### WHAT TO PRODUCE
Restate, exactly as written, the entries below from the line that holds "1288x1300 Tires Clipart Vector" through the line that holds "Best Flat Pouches". Pictures are not part of the copy.

### DATA TO PROCESS
((
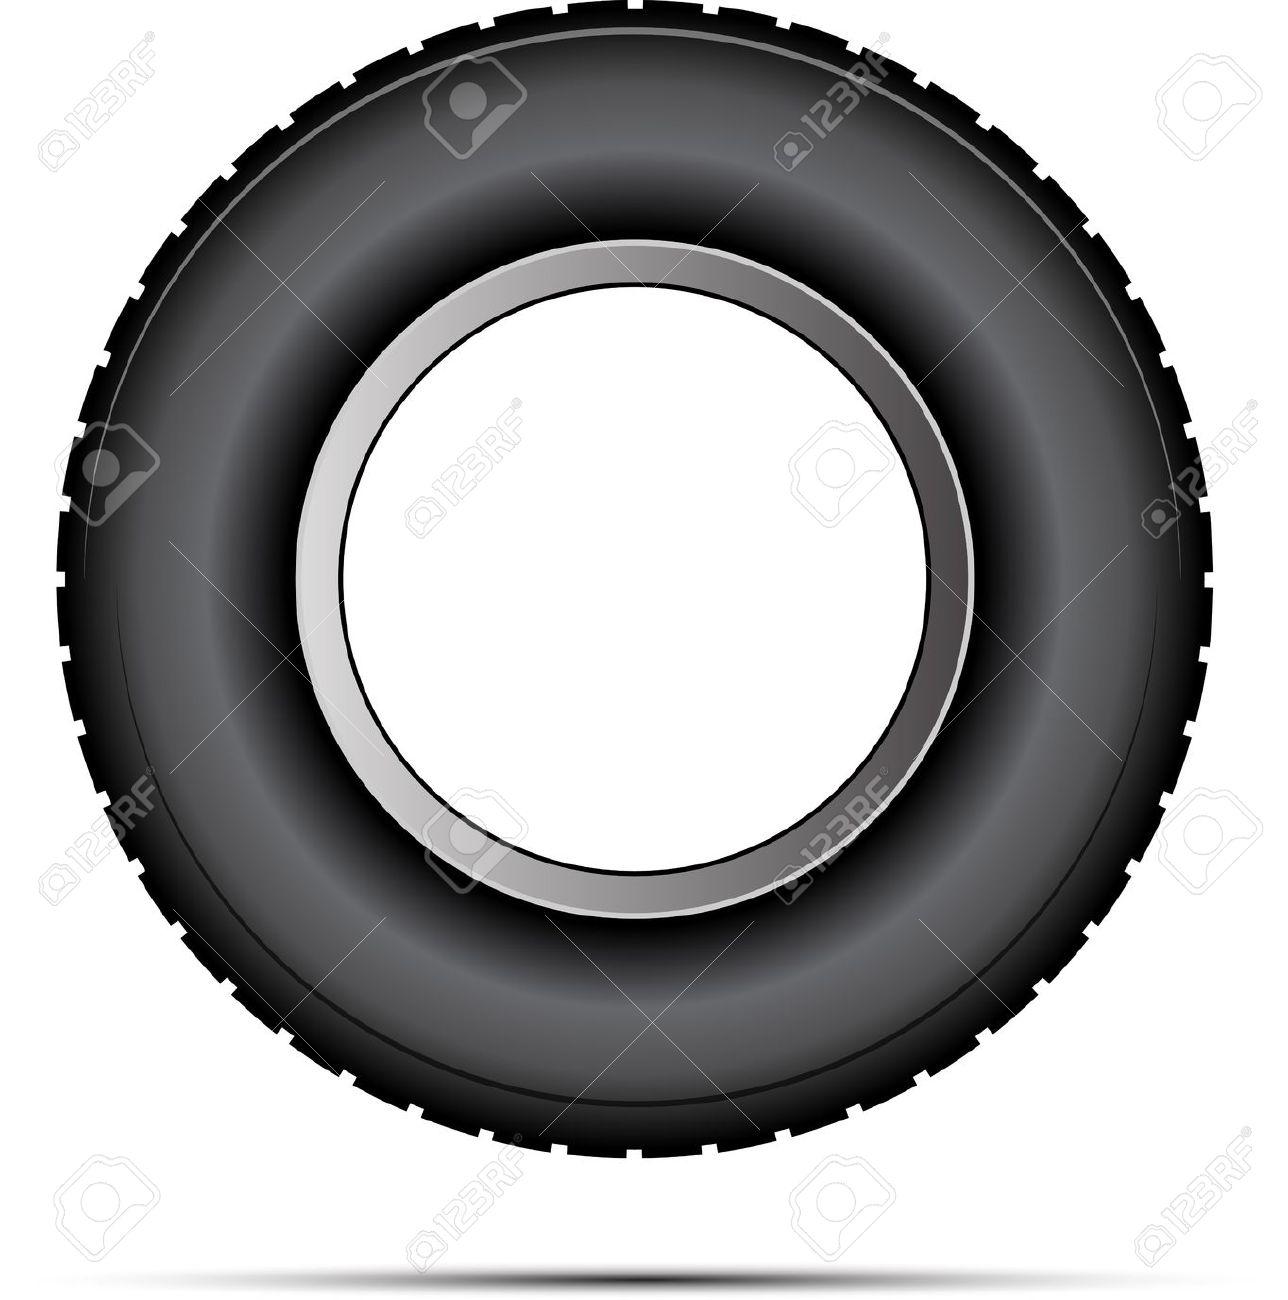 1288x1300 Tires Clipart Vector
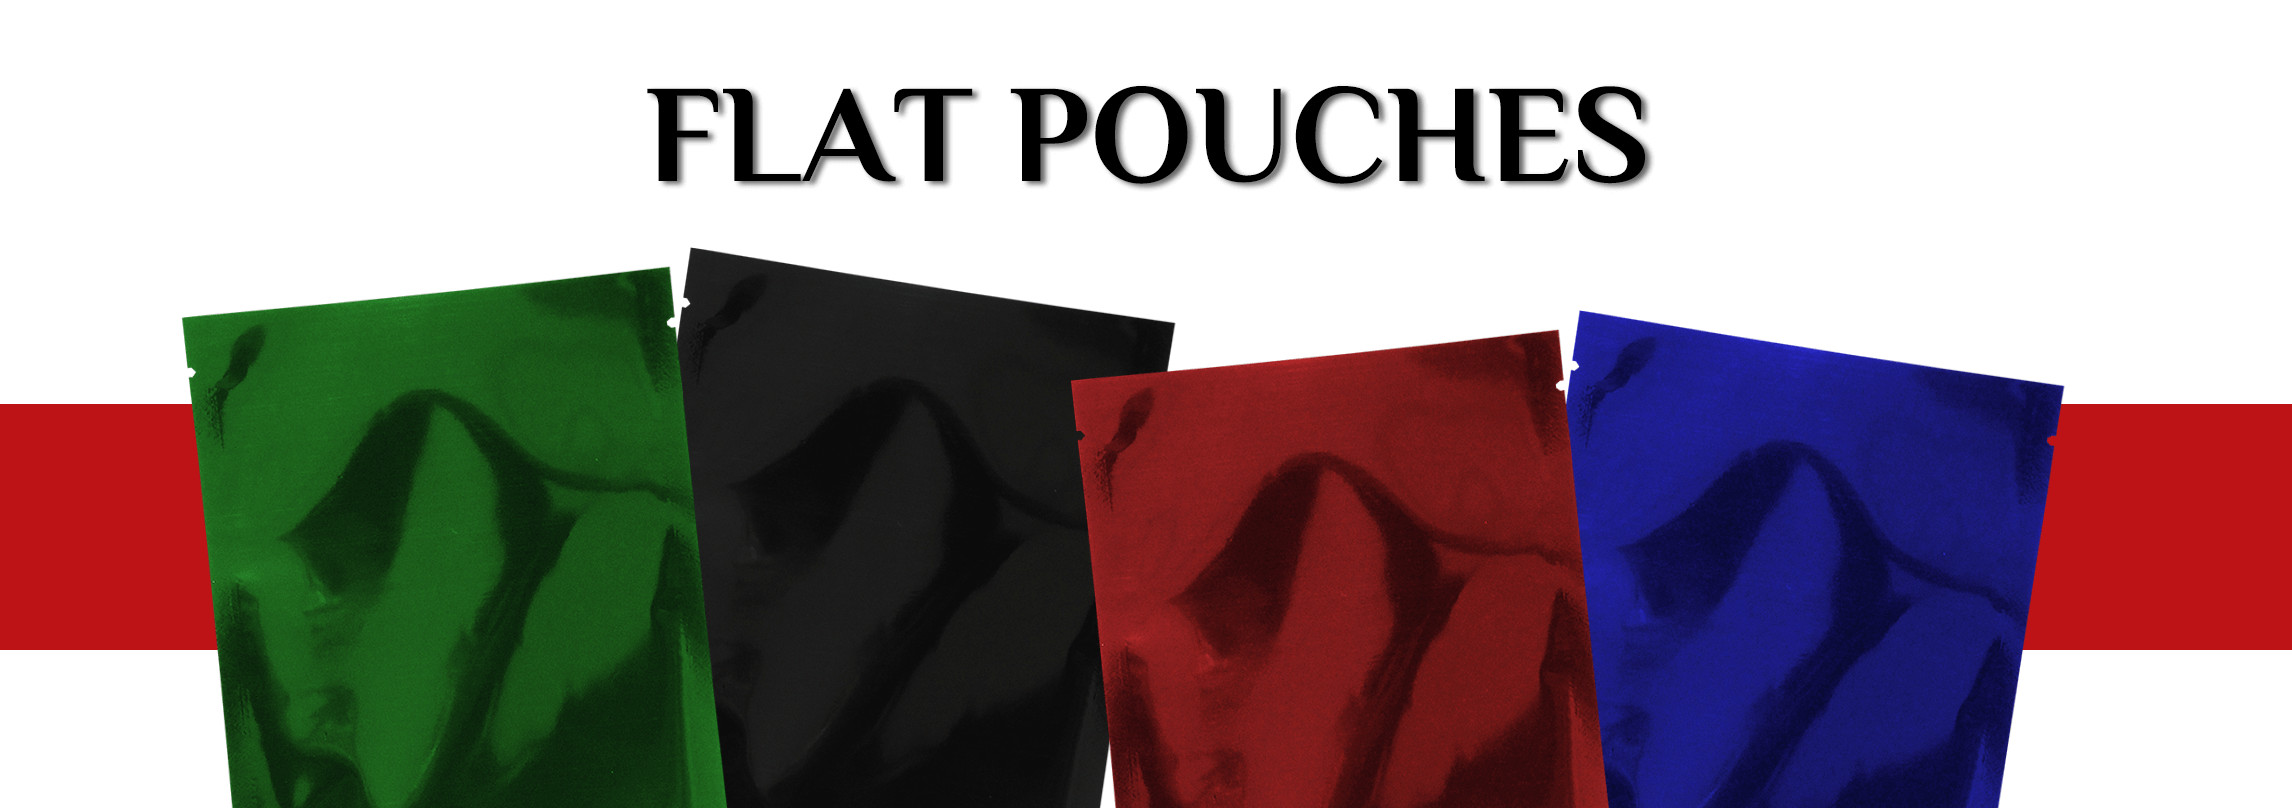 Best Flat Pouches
))
((
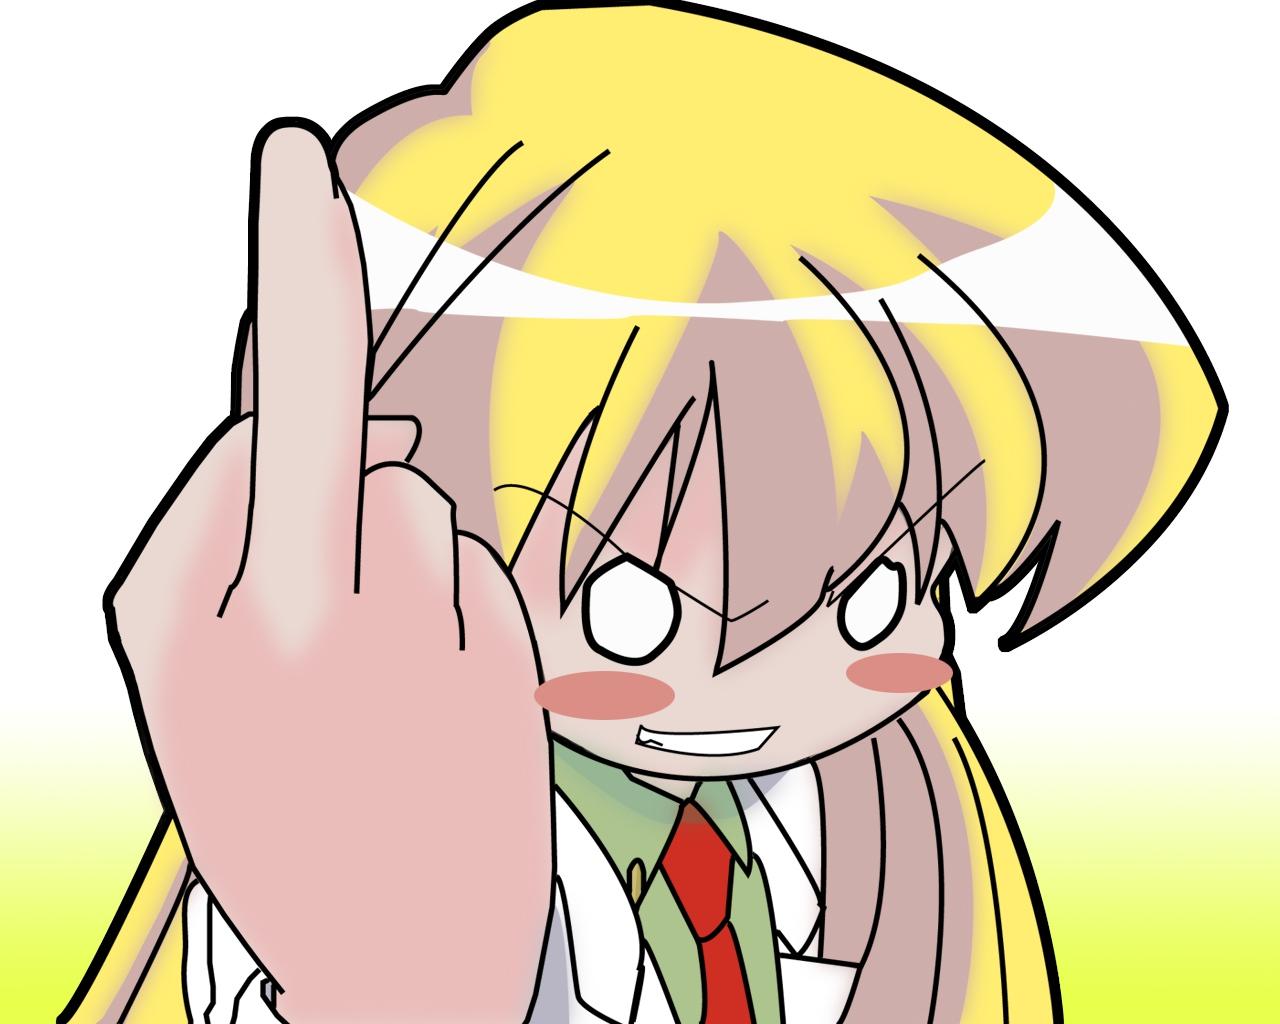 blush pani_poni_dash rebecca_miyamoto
))
((
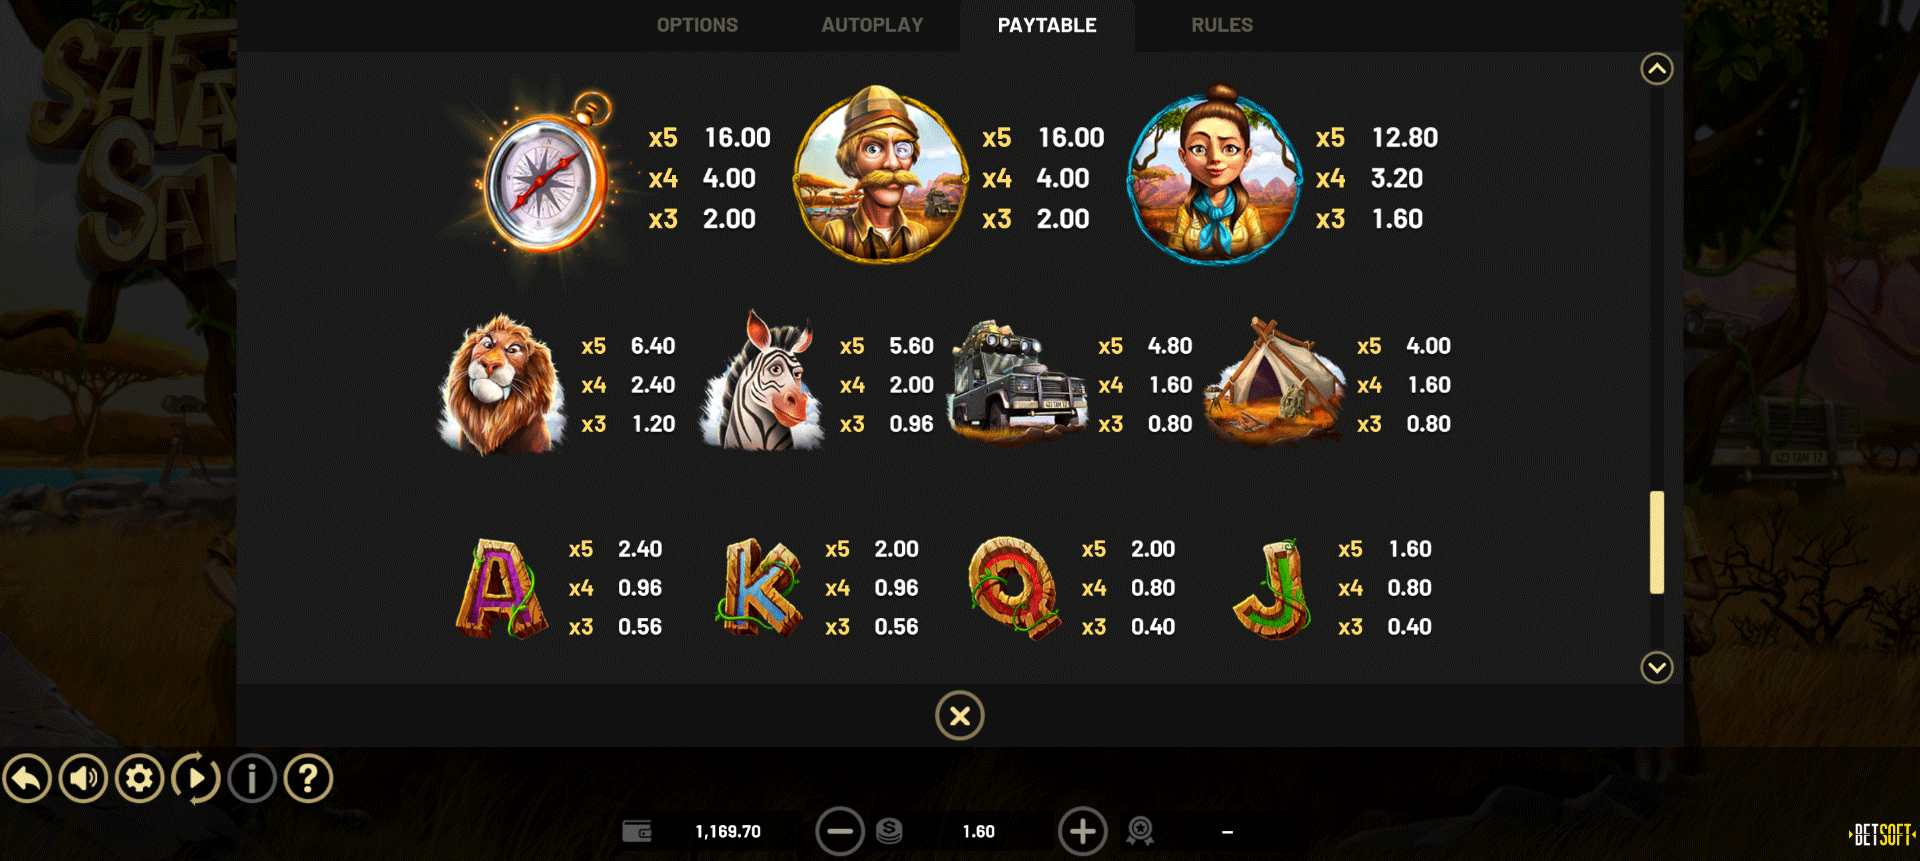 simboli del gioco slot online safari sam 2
))
### WRITTEN SOLUTION
 1288x1300 Tires Clipart Vector
 Best Flat Pouches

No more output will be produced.